🧠 XAI-SOMs: Explainable AI using Self-Organizing Maps for Healthcare

Visualize, Understand & Validate Patient-Level Insights through Interpretable SOM-based AI Pipelines

Features • Installation • Usage • Documentation • Contributing

🌟 Overview

XAI-SOMs is a modular and interpretable healthcare analytics framework using Self-Organizing Maps (SOMs) combined with Explainable AI techniques. It enables medical professionals and researchers to discover clinically coherent clusters, derive individual patient explanations, and validate the outputs using domain-driven constraints and visualizations.

Built with scalability and real-world deployment in mind, this system supports regulatory reporting, clinical decision dashboards, and interactive data explorations for transparent medical AI.

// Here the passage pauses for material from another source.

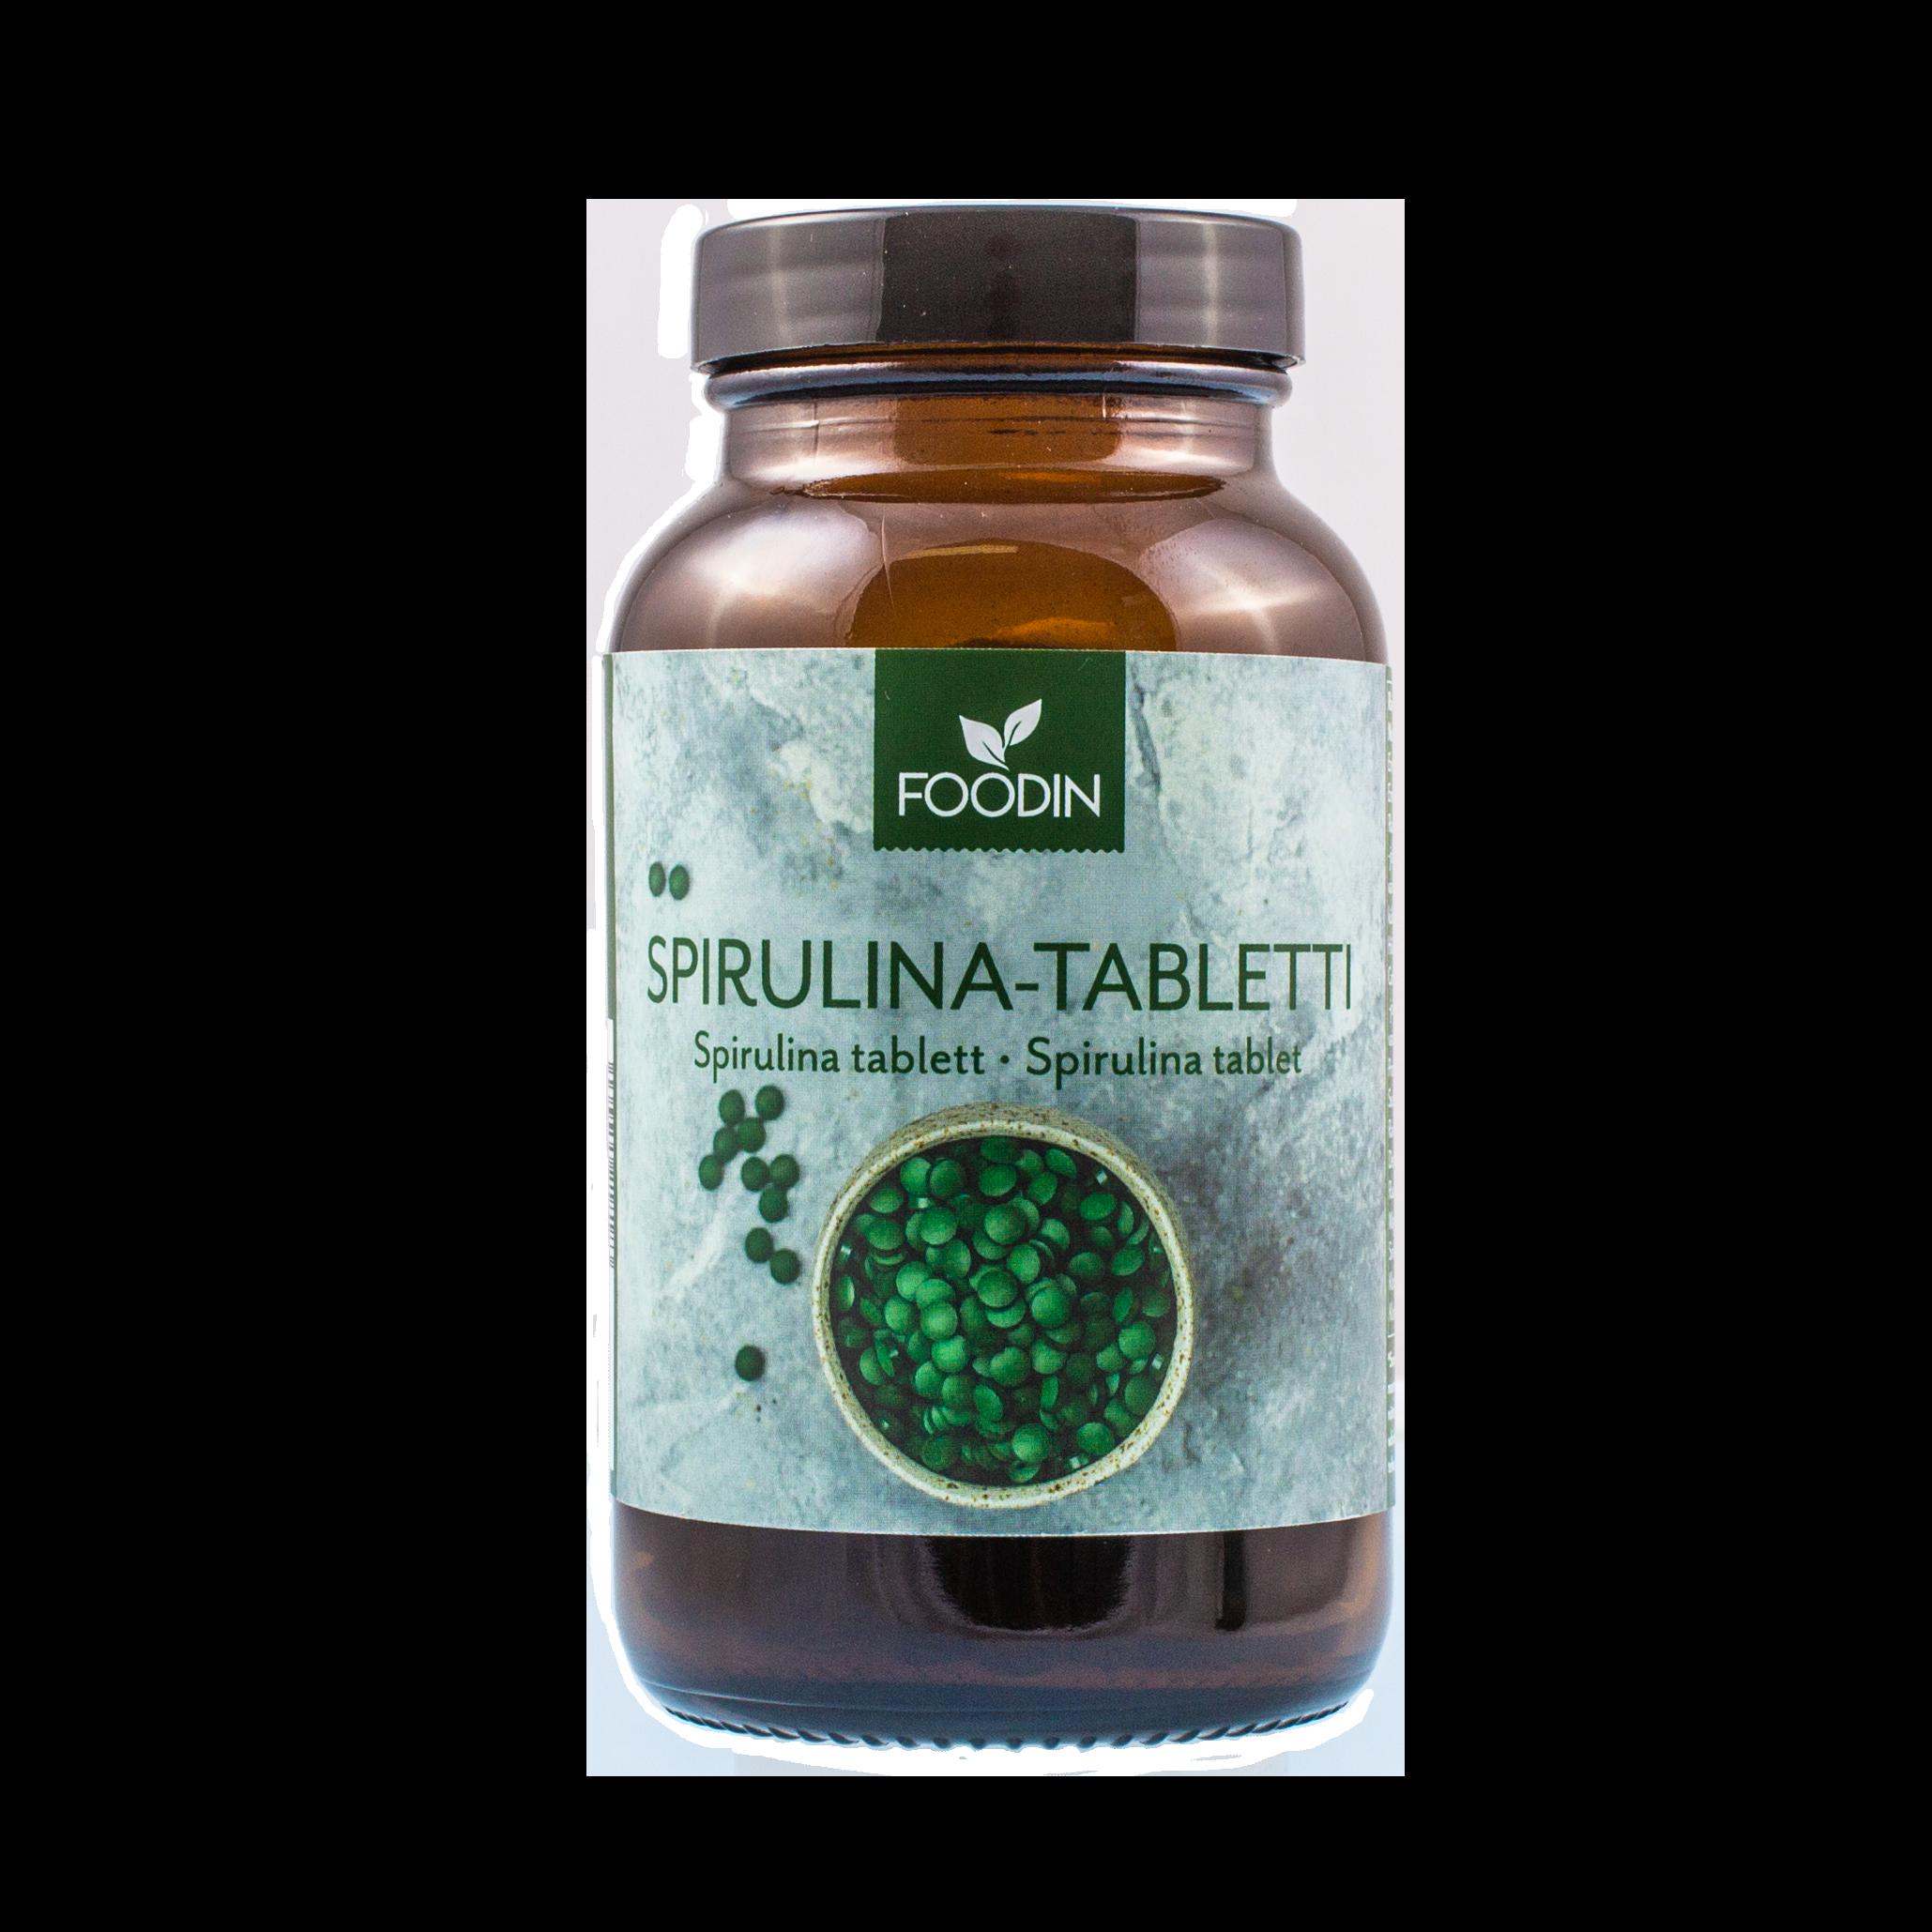 Spirulina-tabletit, Luomu, 110g

📚 Dataset - Diabetes Data Set

📎 Source: Diabetes Data Set – Kaggle

The Diabetes Data Set is a structured medical dataset containing information on diabetes diagnoses and related features. It is commonly used for binary classification tasks in healthcare ML systems to predict the presence or absence of diabetes.

📁 Dataset Highlights:

Total Records: 1,015 patient records
Type: Tabular (Structured)
Task: Binary Classification — Diabetes (Positive/Negative)

✅ Why This Dataset?

Rich in biomedical indicators that affect diabetes.
Ideal for unsupervised learning tasks like Self-Organizing Maps (SOMs) to visualize and cluster patient patterns.
Suitable for XAI (Explainable AI) methods for interpreting model decisions in healthcare.
Balanced and clean, making it suitable for both beginners and research projects.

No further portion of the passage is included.